Where are the songs of spring? Ay, Where are they?
***Think not of them, thou hast thy music too,—
While barred clouds bloom the soft-dying day,
***And touch the stubble-plains with rosy hue;
Then in a wailful choir the small gnats mourn
***Among the river sallows, borne aloft
******Or sinking as the light wind lives or dies;
And full-grown lambs loud bleat from hilly bourn;
***Hedge-crickets sing; and now with treble soft
***The red-breast whistles from a garden-croft;
******And gathering swallows twitter in the skies.[iii]

Here, in three stanzas of 11 lines, Keats again creates his own form, and again relies on the iambic line, rather than following the varying line lengths of Wordsworth, whom he much admired.[iv] His three stanzas take up the ripening, the harvesting, and the progression from spring. I especially like
***Then in a wailful choir the small gnats mourn
******Among the river sallows, borne aloft
*********Or sinking as the light wind lives or dies.
It reminds me of many an autumn in the San Rafael River, or Muddy Creek. No nightingale here, no shepherd piping on his oaten reed, and none of the mournful tone of the Grecian urn. This is a lively, lived-in season. Here Keats creates a true pastoral, one with gnats, crickets, robins and swallows swelling the progress, starting a scene or two — humorous, but never ridiculous, laughing perhaps at the earnest youth on the Grecian urn who never will kiss his lass, unlike the farmer watching the oozings at the cyder-press, who will drink deep when the press is done.

I know that the farmer is the season in this middle stanza, but as written, the season is the farmer, and in presenting his abstraction thus, Keats redeems the nonsense of “beauty is truth, truth beauty” — although I’m not all that sure that Keats agrees with his urn either.

But hold on, I hear you say. You still haven’t justified your assertion last month that “Keats exhausted the ode as surely as Milton did the use of blank verse in the epic.” And didn’t Keats write his own blank-verse epic in Endymion?

Your turn.

 

 

[i] http://www.poetryfoundation.org/bio/john-keats, accessed 31 May 2014, quoting a schoolmate, Edward Holmes. Any otherwise unsupported assertions about Keats in this post are owed to this source.

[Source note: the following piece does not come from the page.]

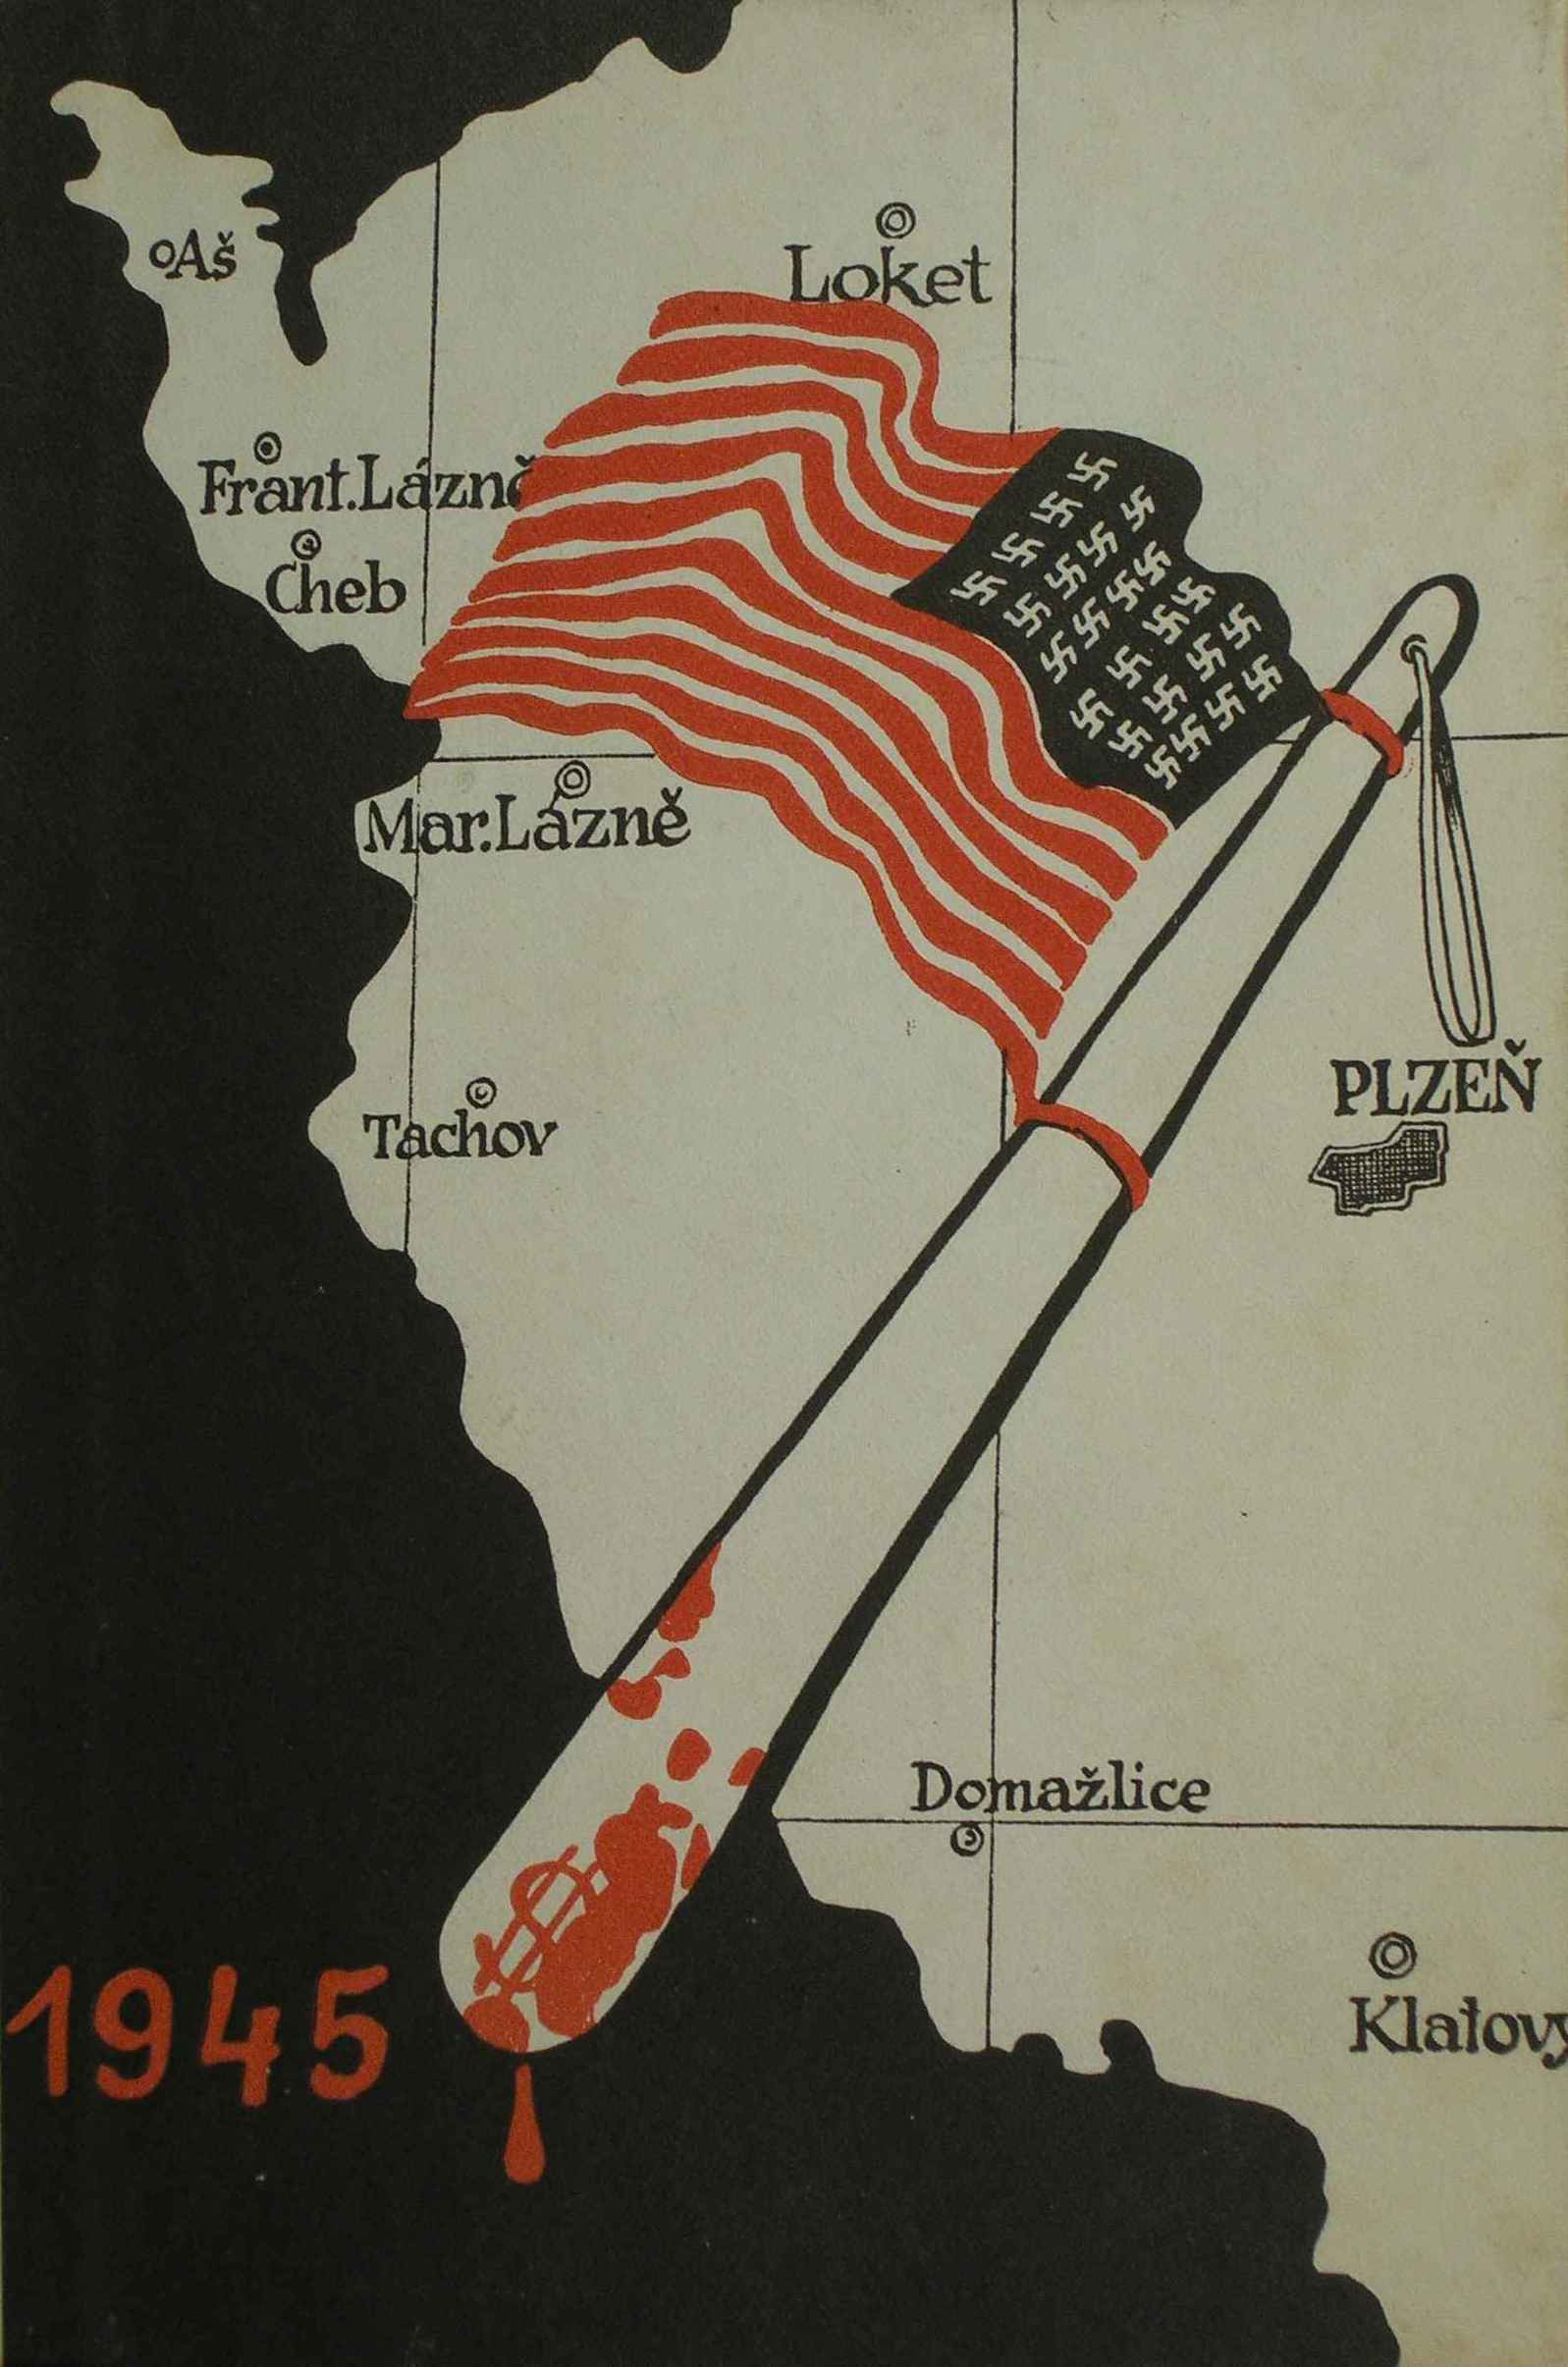 Američané v západních Čechách v roce 1945

[ii] Ibid., although the observation is not unique to this source; it is a commonplace in Keats criticism, although I have not found its original yet. Wikipedia lists 6 odes composed in 1819:  “Keats wrote the first five poems, “Ode on a Grecian Urn“, “Ode on Indolence“, “Ode on Melancholy“, “Ode to a Nightingale“, and “Ode to Psyche” in quick succession during the spring, and he composed “To Autumn” in September.” Wikipedia also notes that “While the exact order in which Keats composed the poems is unknown, some critics contend that they form a thematic whole if arranged in sequence” (http://en.wikipedia.org/wiki/John_Keats’s_1819_odes, accessed 31 May 2014).

[iii] http://www.poetryfoundation.org/learning/guide/240196#poem, accessed 31 May 2014.

[iv] In “Ode to a Nightingale,” Keats emulates Wordsworth far enough to insert one three-syllable line amongst the 9 lines of iambic pentameter. But go back to post 38and read Wordsworth’s Ode: Intimations of Immortality from Recollections of Early Childhood and see if it doesn’t seem a much more radical reworking of form than any of Keats’s odes,

About Dennis Clark

Dennis Clark should have been locked up long ago, but since he was allowed to wed and breed, the cat is out of the bag, the toothpaste is out of the tube, the cat is pawing the toothpaste and you should be careful what you put in your mouth. Put a good poem in your mouth!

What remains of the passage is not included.